The haunting sounds of traditional Mongolian music come to campus in a month-long celebration hosted by the Department of Music in the College of Arts & Sciences and The Endless Steppe Project. Two more concerts of Mongolian music are coming up, highlighting the musical legacy of composer Byambasurengiin Sharav, Oct. 20 and 22 at Barnes Hall.
“Sharav is a household name in Mongolia, but his works are seldom heard outside Mongolia’s borders. My goal in studying and performing Mongolian music has been to highlight the diverse, rich context and history of this country, people, and music,” said Joe Lerangis, assistant professor of music and Priscilla E. Browning Director of Choral Music (A&S).
The first concert on Fri., Oct. 20 at 7:30 pm features piano soloist Dr. Shuree Enkhbold and will trace the evolution in Sharav's music for piano, following his life from an upbringing in a nomadic herding family in Mongolia's eastern Khentii Province, to his experience studying in Sverdlovsk at the State Conservatory of the Urals, to his critical hand in shaping Mongolian music in the post-socialist era.
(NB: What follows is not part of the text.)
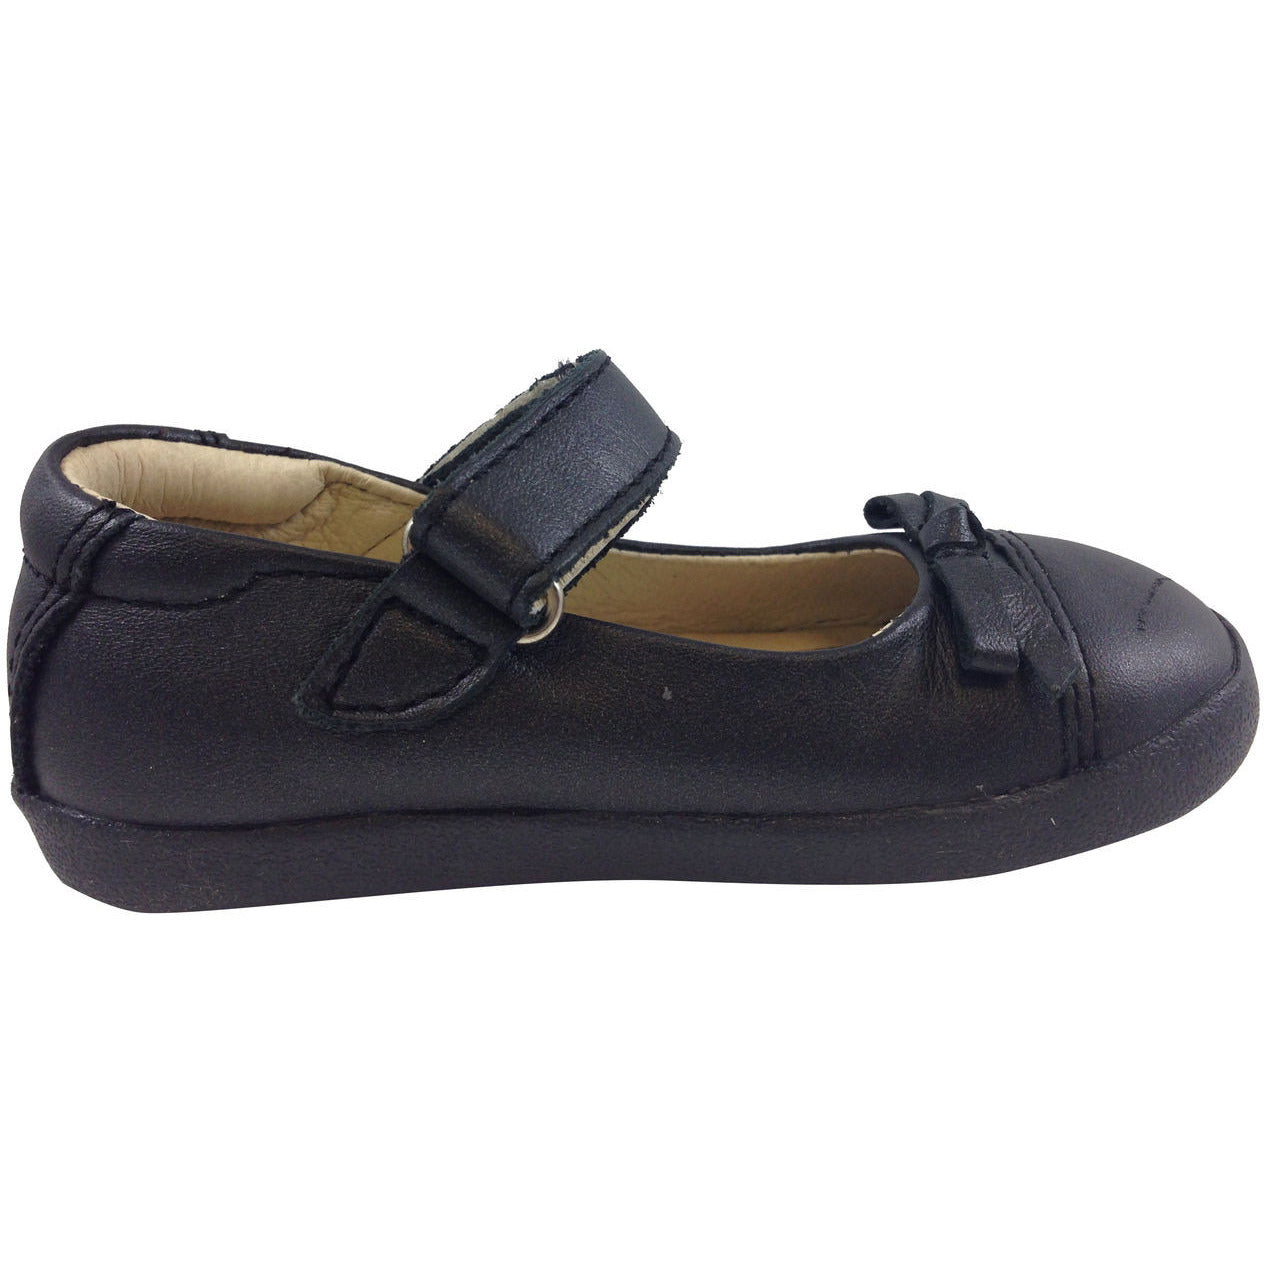 Old Soles Girl's 313 Black Sista Flat – Just Shoes for Kids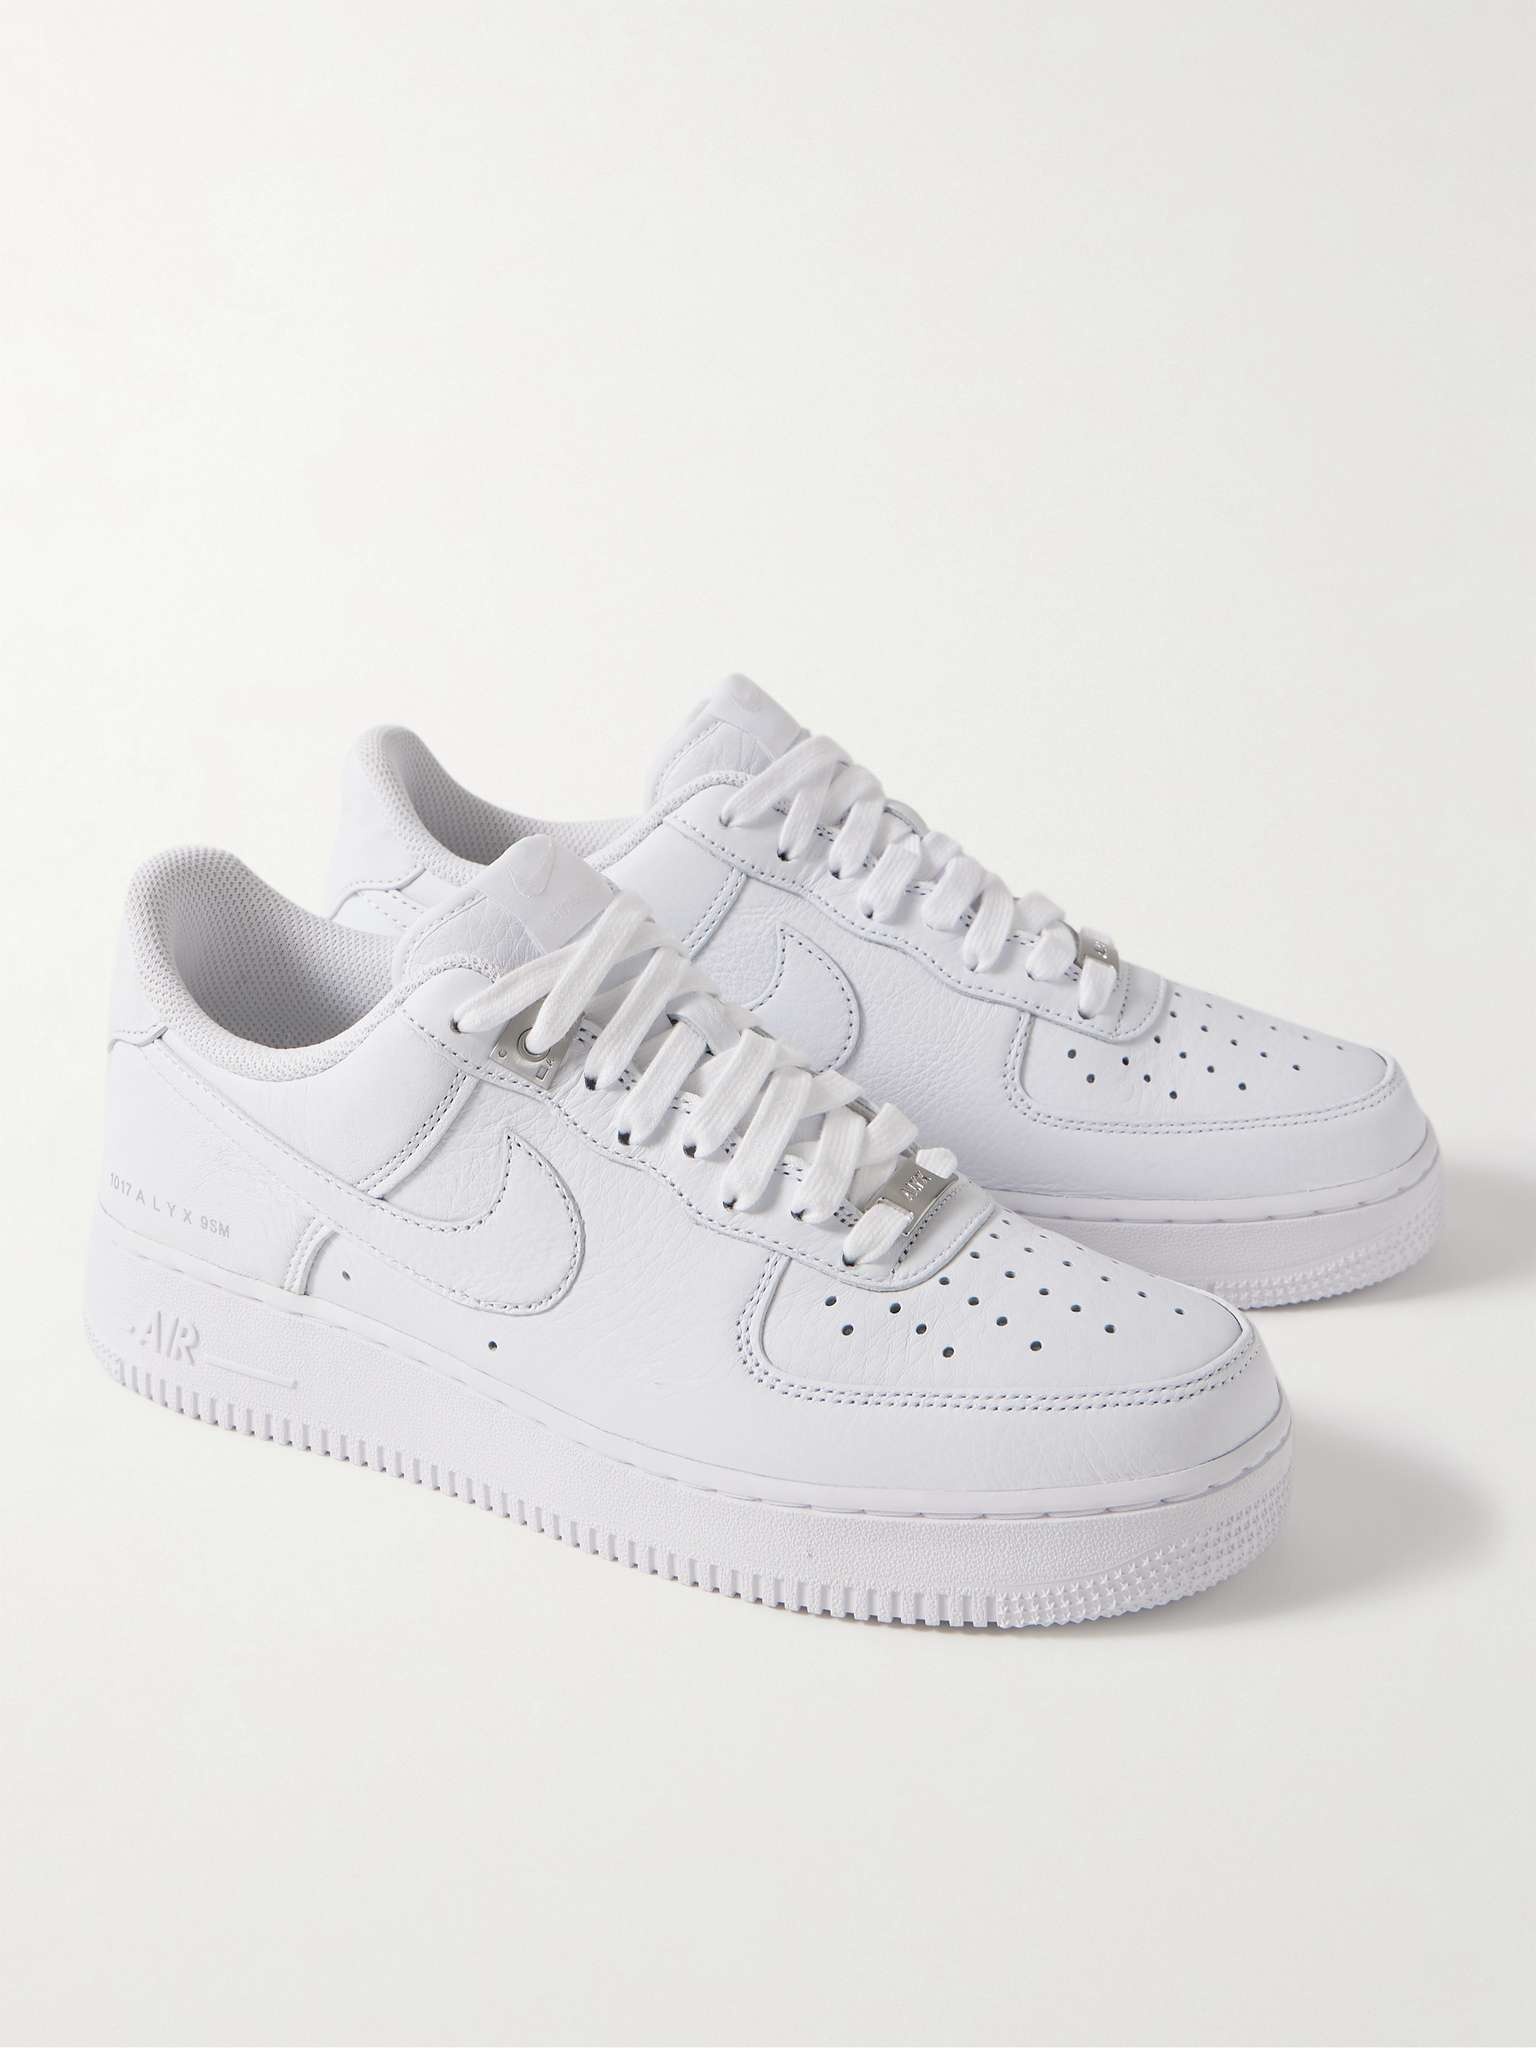 + 1017 ALYX 9SM Air Force 1 SP Leather Sneakers - 4

The second performance on Sun., Oct. 22 at 3:00 pm explores the sounds of the Mongolian steppe. A country of just over 3 million people with a vast expanse of land, Mongolia has produced a kaleidoscope of music over the past century. Sharav's soundscape has shaped a generation of Mongolian composers, and is linked inextricably to Mongolia's natural landscape, its mountains and rivers, and the nomadic pastoral lifestyle, said Lerangis.
The afternoon will feature Sharav's works for large ensemble and soloists, including Sharav’s monumental Concerto for Horse-Head Fiddle, composed in 1991 amid the collapse of the Socialist regime in Mongolia.
Both concerts feature guests Urtnasan Gantulga on Horse-Head Fiddle and long-song vocalist Ganchimeg Badamsuren and are led by Lerangis.
The month-long celebration began with a performance Oct. 1 by world-renowned throat singer and multi-instrumentalist Tamir Hargana. A native of Hulunbuir, Inner Mongolia, he performed songs from Mongolia, Inner Mongolia, and Tuva, highlighting diasporic crossover of Mongolian singing, sounding, and playing styles. His band, Tuvergen, aims to create a "modern nomadic music," blending Mongolian sounds with American folk idioms, according to Lerangis.
The concerts are sponsored by the Society for the Humanities and are part of the Endless Steppe Project, an initiative founded by Lerangis and Enkhbold to foster musical exchange between Mongolia and the United States.